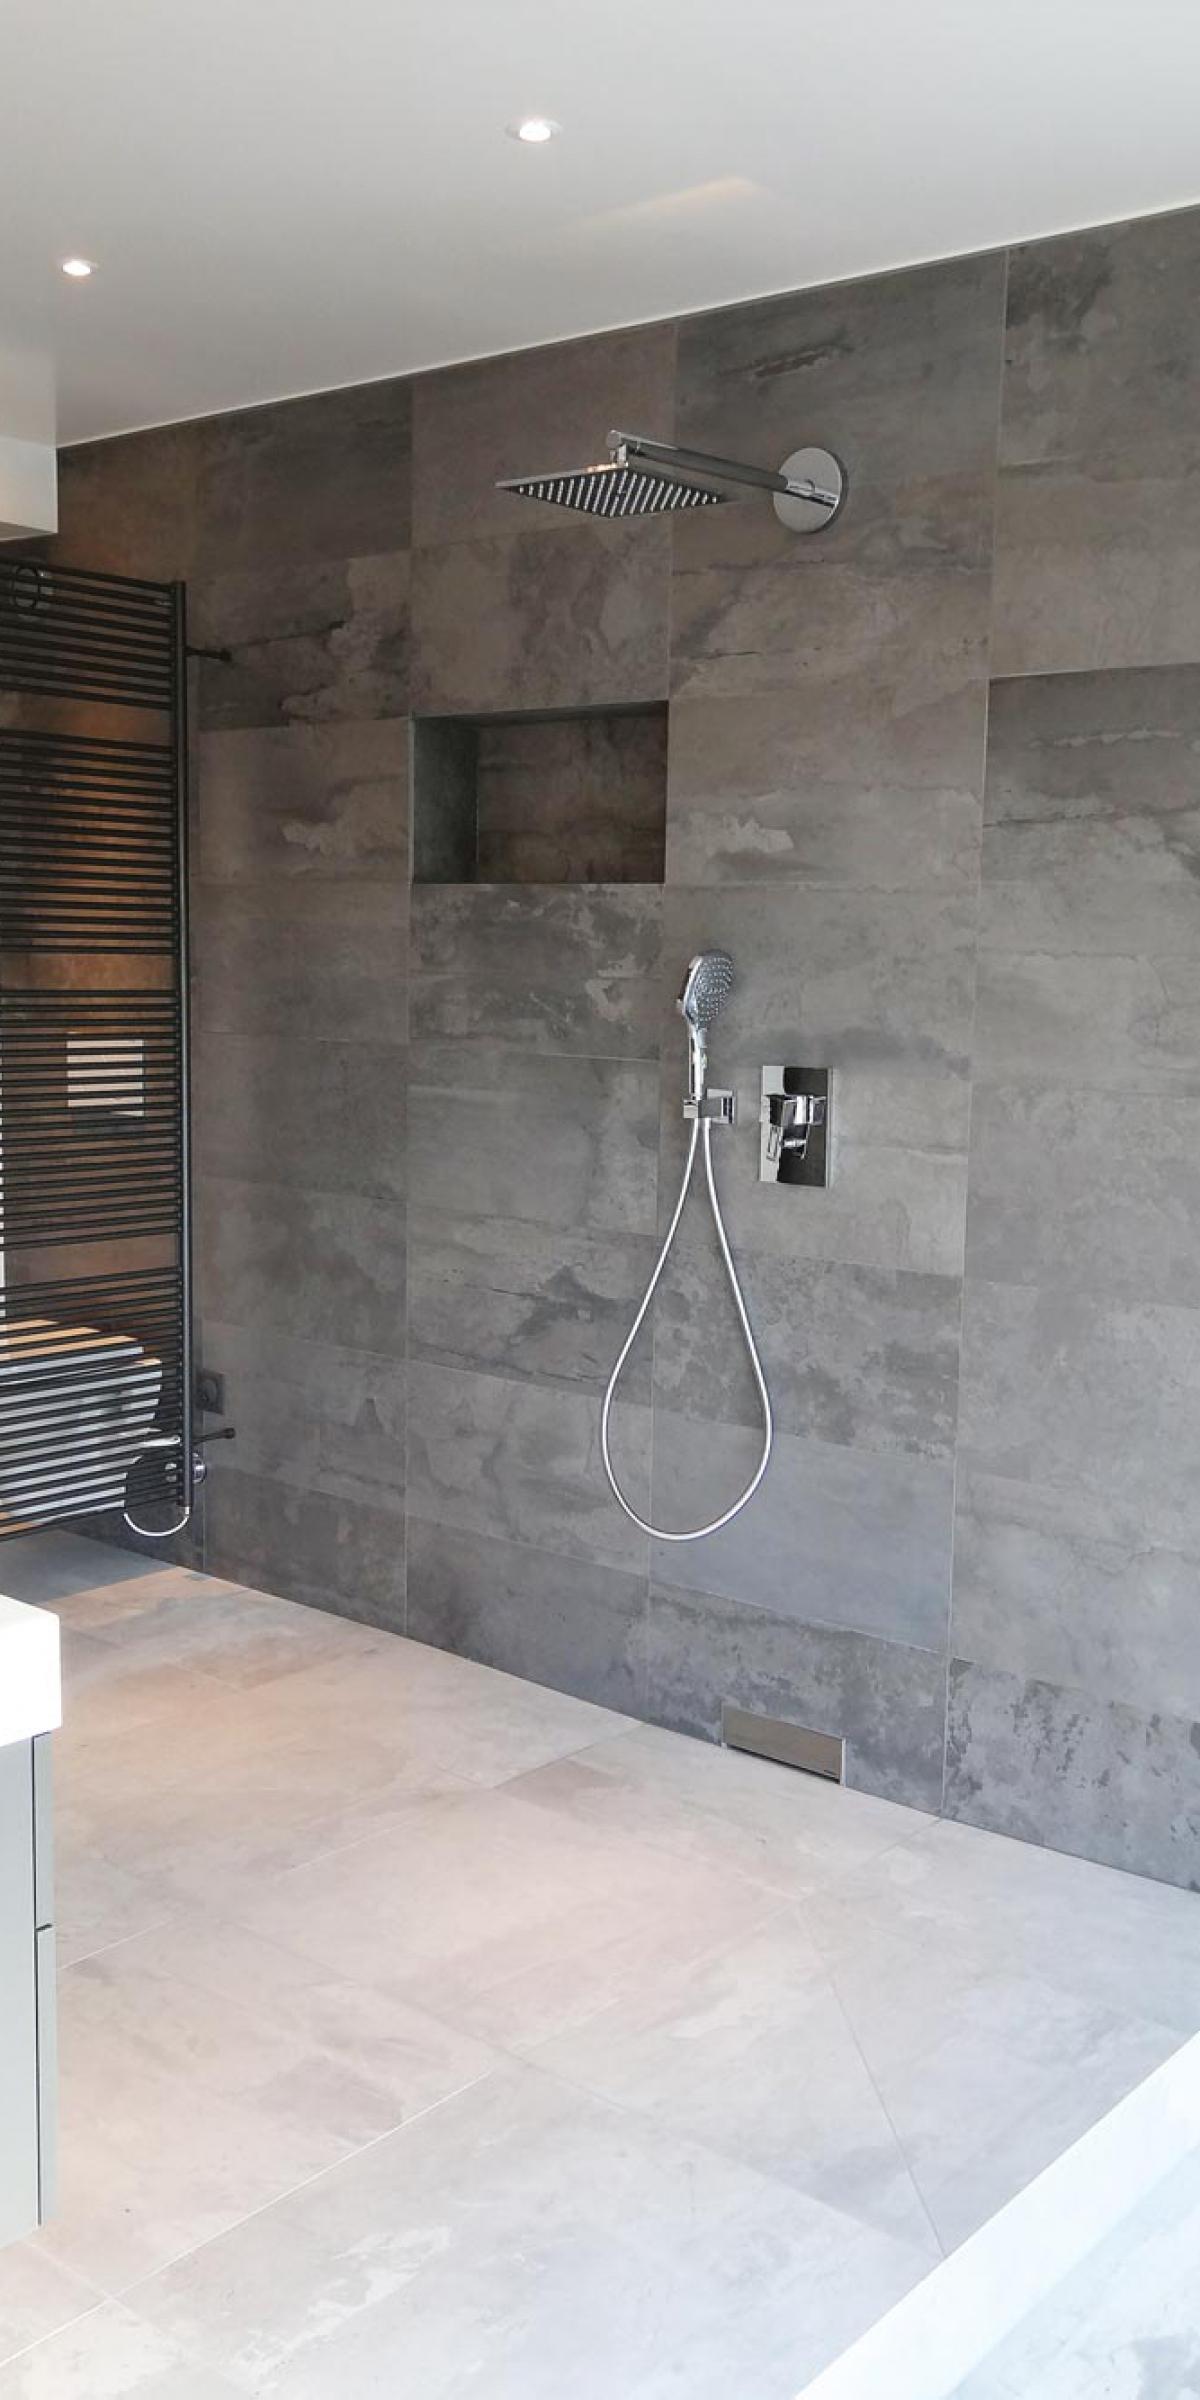 Projet 2 – Rénovation et  modernisation d'une salle de bain
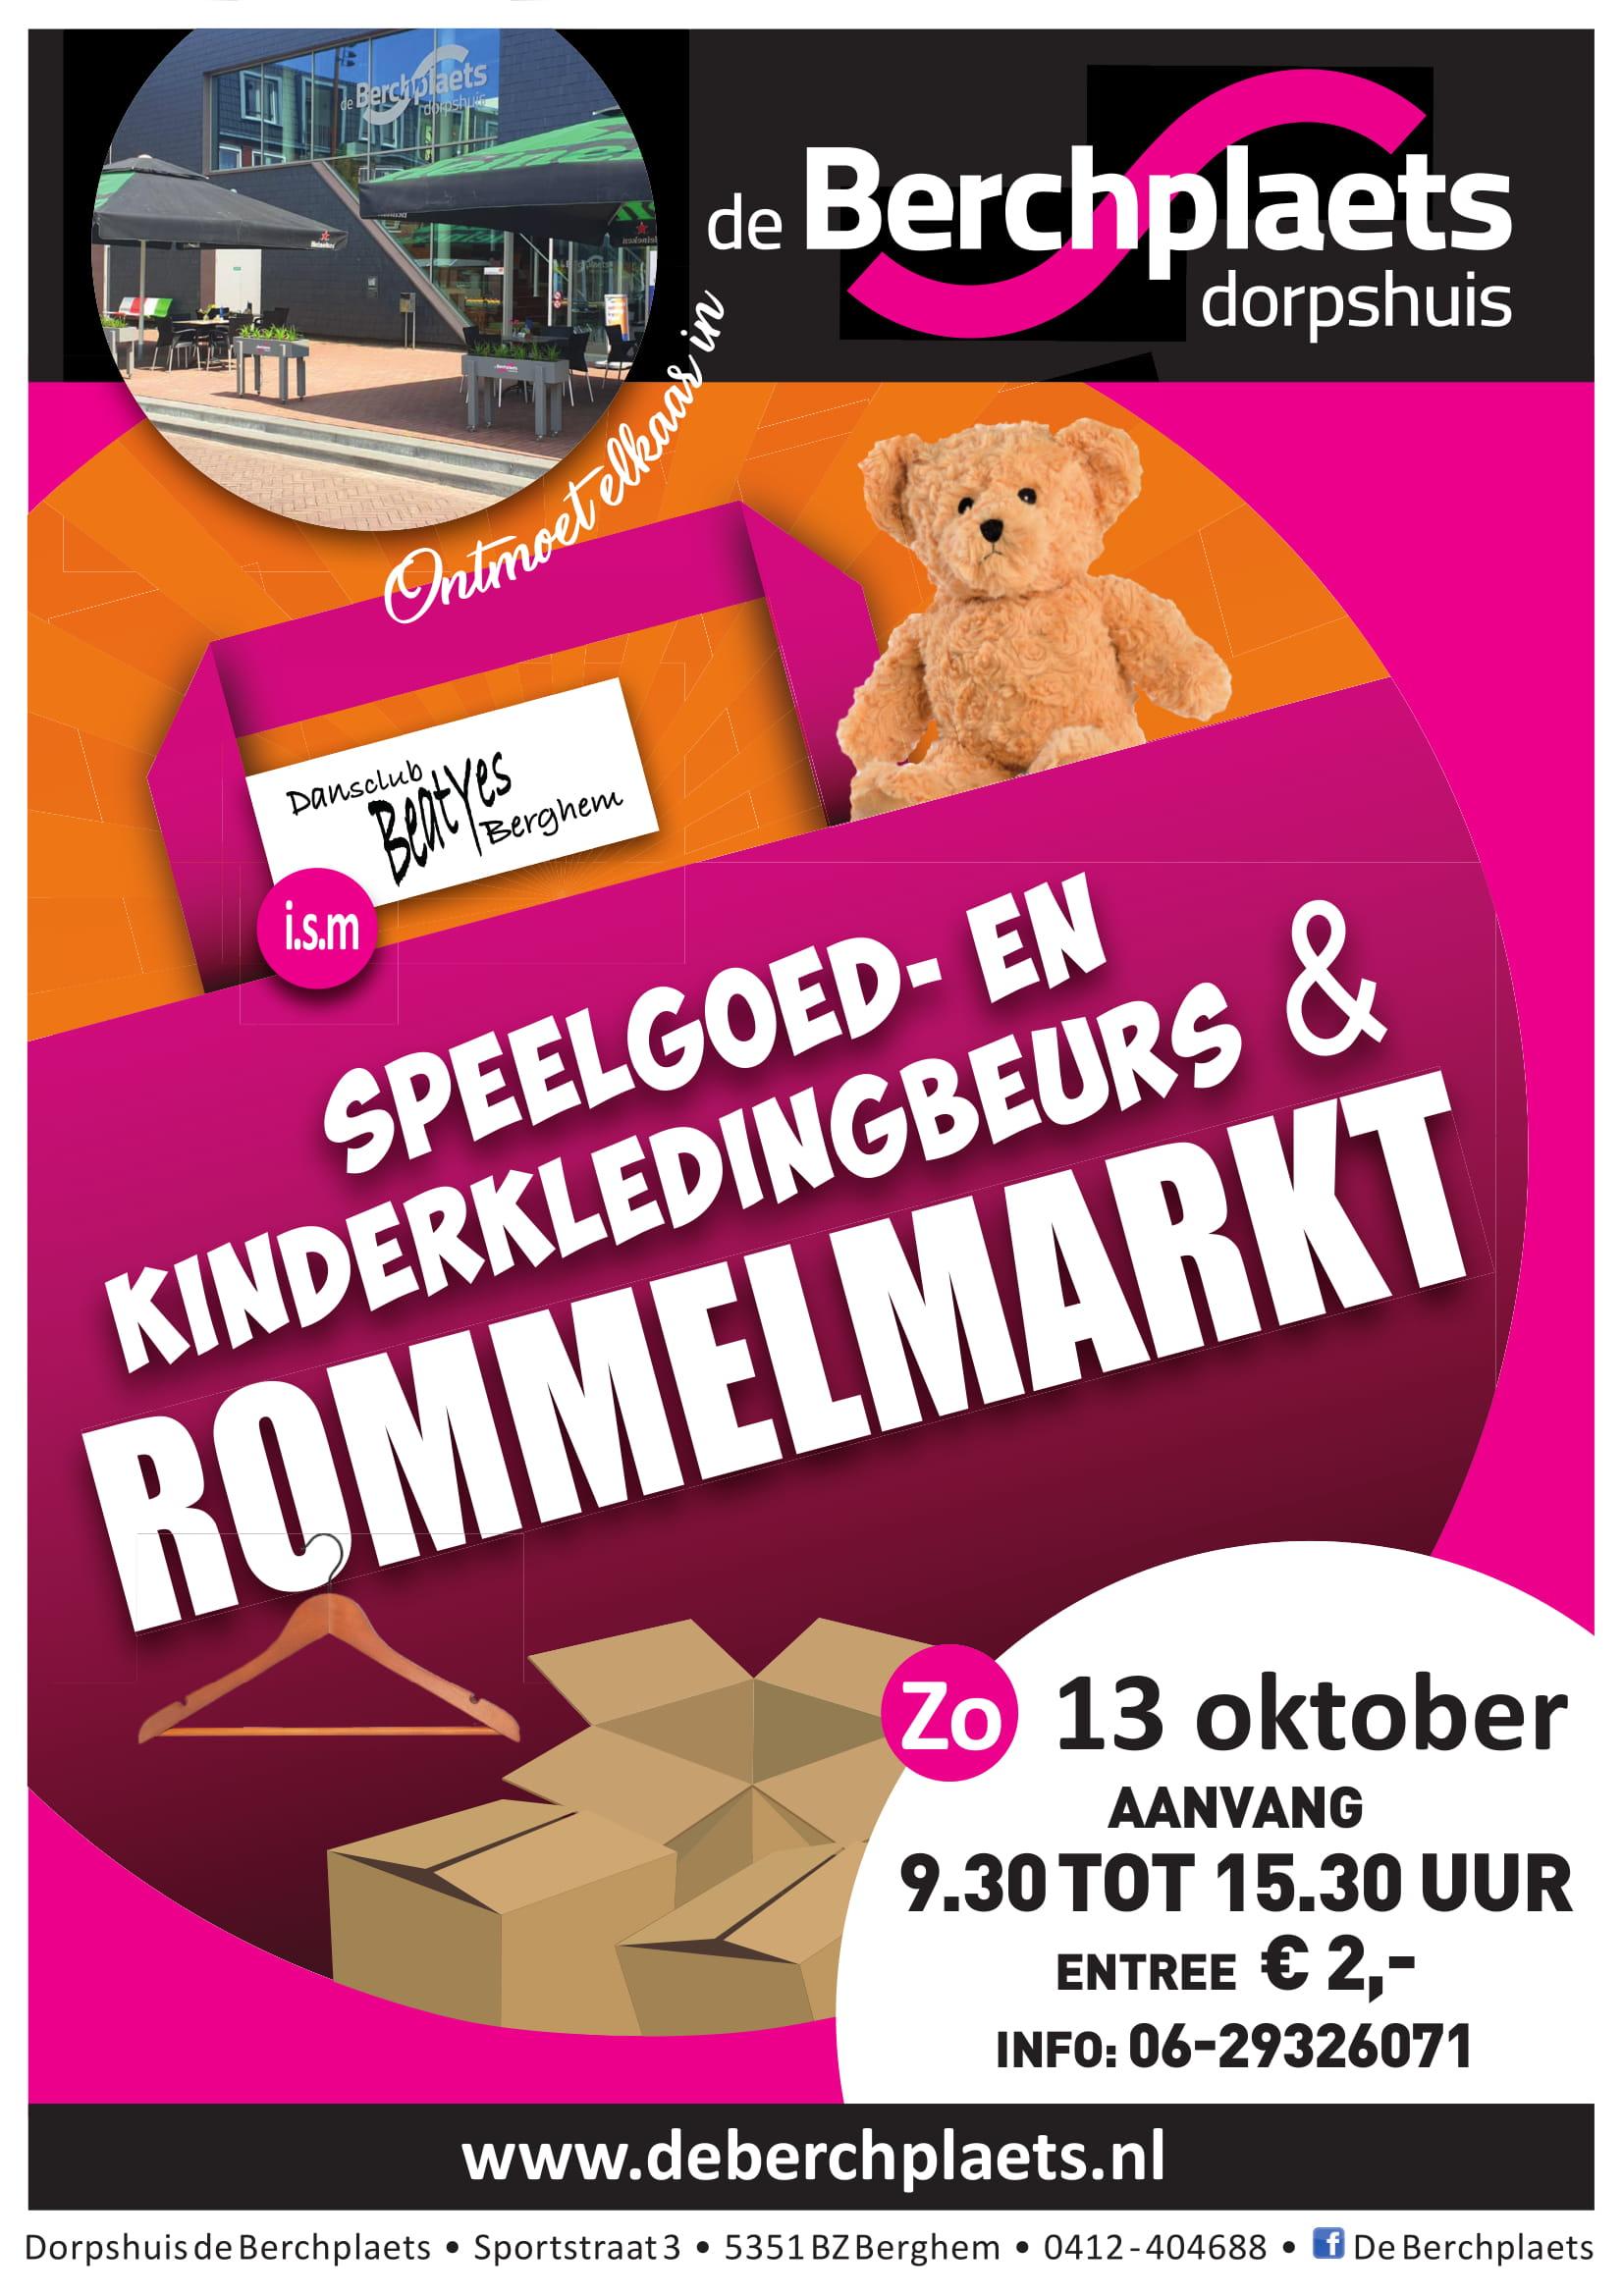 Mooiberghem Nl Speelgoed Kinderkledingbeurs Rommelmarkt De Berchplaets
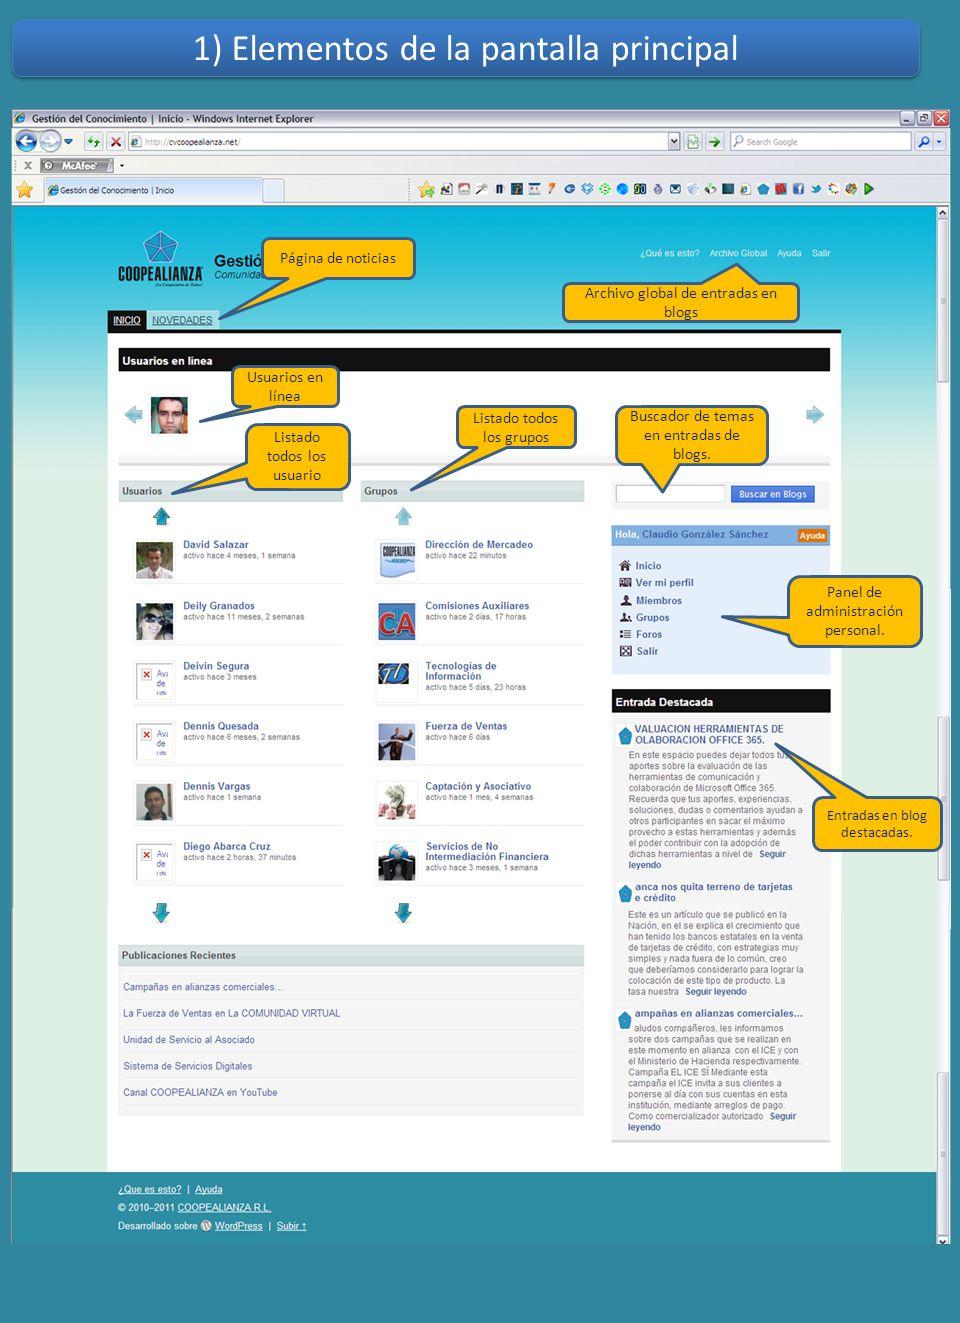 Usuarios en línea Página de noticias Archivo global de entradas en blogs Listado todos los usuario Listado todos los grupos Panel de administración personal.

ACTIVITY: Could the lines above be copied out exactly, with no image carried over?

RESULT OF THE TASK:
 Projet 2 – Rénovation et  modernisation d'une salle de bain
 Mooiberghem Nl Speelgoed Kinderkledingbeurs Rommelmarkt De Berchplaets
 Usuarios en línea Página de noticias Archivo global de entradas en blogs Listado todos los usuario Listado todos los grupos Panel de administración personal.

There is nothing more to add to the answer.